5. The system according to claim 4, characterized in that, The optical degradation simulation device includes a neutral density filter used to attenuate the luminous flux passing through the imaging optical path, so that the brightness and / or signal-to-noise ratio of the sample degradation image is lower than that of the true image.
6. The system according to claim 4, characterized in that, The optical degradation simulation device includes a medium simulation chamber, which is used to introduce spectrally selective absorption and / or scattering effects into the imaging optical path so that the contrast and / or color shift of the sample degradation image is lower than that of the true image.
7. The system according to claim 1, characterized in that, The system also includes a light-shielding darkroom. The light-shielding dark box is placed outside the display device and the image acquisition device, and at least covers the imaging optical path area between the display device and the image acquisition device, in order to isolate external ambient light interference or simulate ambient lighting conditions when the image acquisition device is acquiring images.
8. The system according to claim 1, characterized in that, The control device is used for: Based on the mapping relationship between the distorted coordinates of pixels in the degraded sample image and the corresponding pixel coordinates in the ground truth image, coordinate correction is performed on the degraded sample image to obtain a corrected degraded sample image aligned with the ground truth image. An image dataset is obtained based on the ground truth image and the corrected sample degraded image.
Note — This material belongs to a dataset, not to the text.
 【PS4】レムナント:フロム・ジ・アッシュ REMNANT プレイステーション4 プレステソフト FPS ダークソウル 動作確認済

9. The system according to any one of claims 1-8, characterized in that, The control device is used for: Without placing an optical degradation simulation device, the display device and the image acquisition device are controlled to acquire a first image dataset; With the optical degradation simulation device in place, the display device and the image acquisition device are controlled to acquire a second image dataset; The trained computational imaging model includes: The initial computational imaging model is pre-trained using the first image dataset to obtain the pre-trained computational imaging model. The pre-trained computational imaging model is fine-tuned using the second image dataset to obtain the fine-tuned computational imaging model. The ground truth images in the second image dataset are related to the target imaging scene for which the fine-tuning training is conducted, and the imaging metrics adjusted by the optical degradation simulation device are related to the target imaging scene.
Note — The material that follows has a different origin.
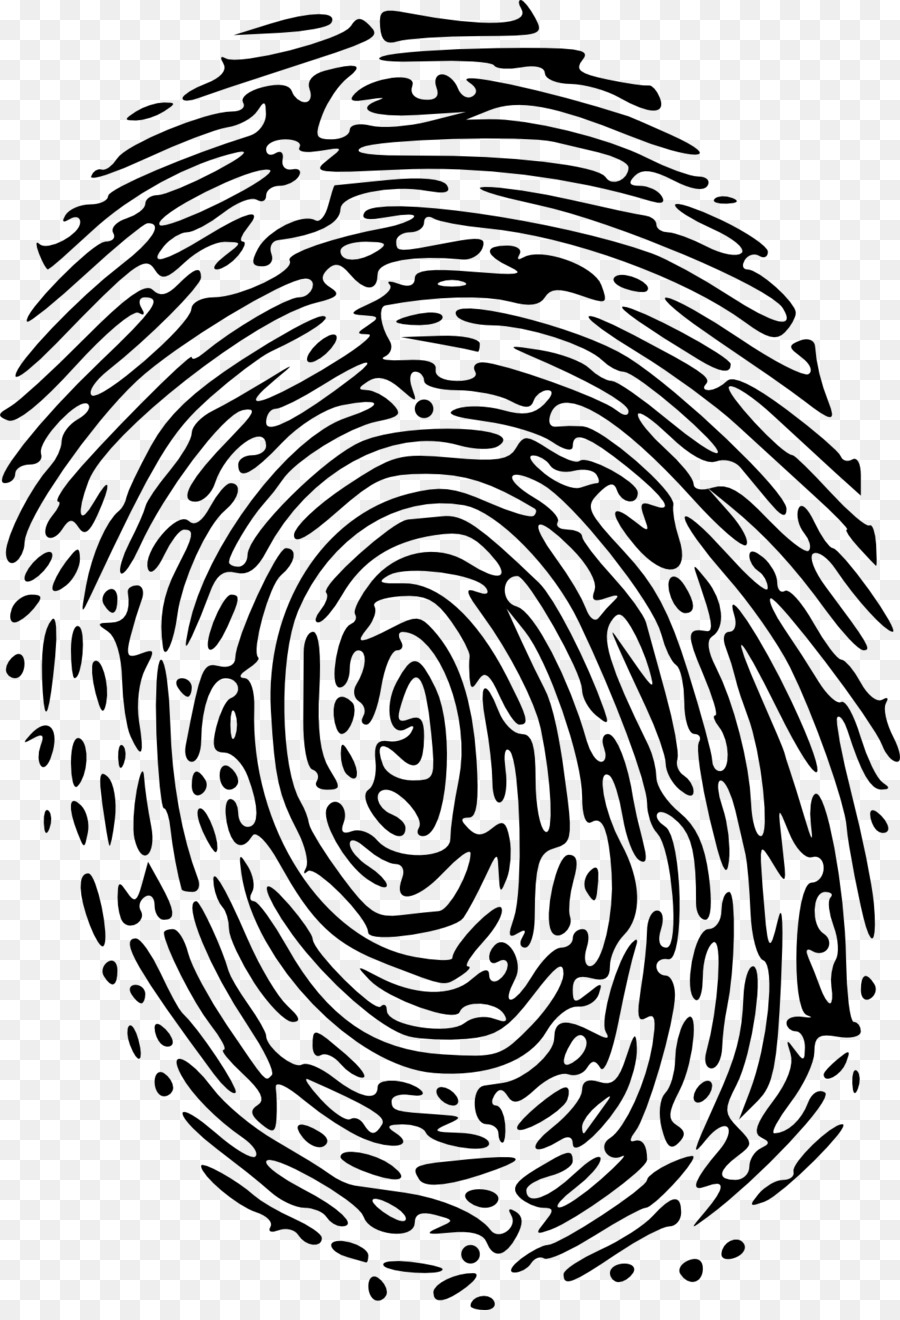 Fingerprint Clip art - hao png download - 1319*1920 - Free Transparent Fingerprint png Download.

10. A method for generating image datasets for computational imaging, characterized in that, The method includes: The display device displays one or more frames of truth images; The image acquisition device acquires images for the ground truth image to obtain sample degraded images that correspond one-to-one with each frame of the ground truth image. The imaging index of the sample degraded image is lower than that of the corresponding ground truth image. The imaging index includes at least one of resolution, brightness, color, and signal-to-noise ratio. A control device connected to the display device and the image acquisition device respectively obtains an image dataset based on the ground truth image and the sample degraded image. The image dataset is used to train a computational imaging model, so that the trained computational imaging model can process the degraded image to be processed acquired by the image acquisition device to obtain an enhanced image, wherein the imaging index of the enhanced image is higher than that of the degraded image to be processed.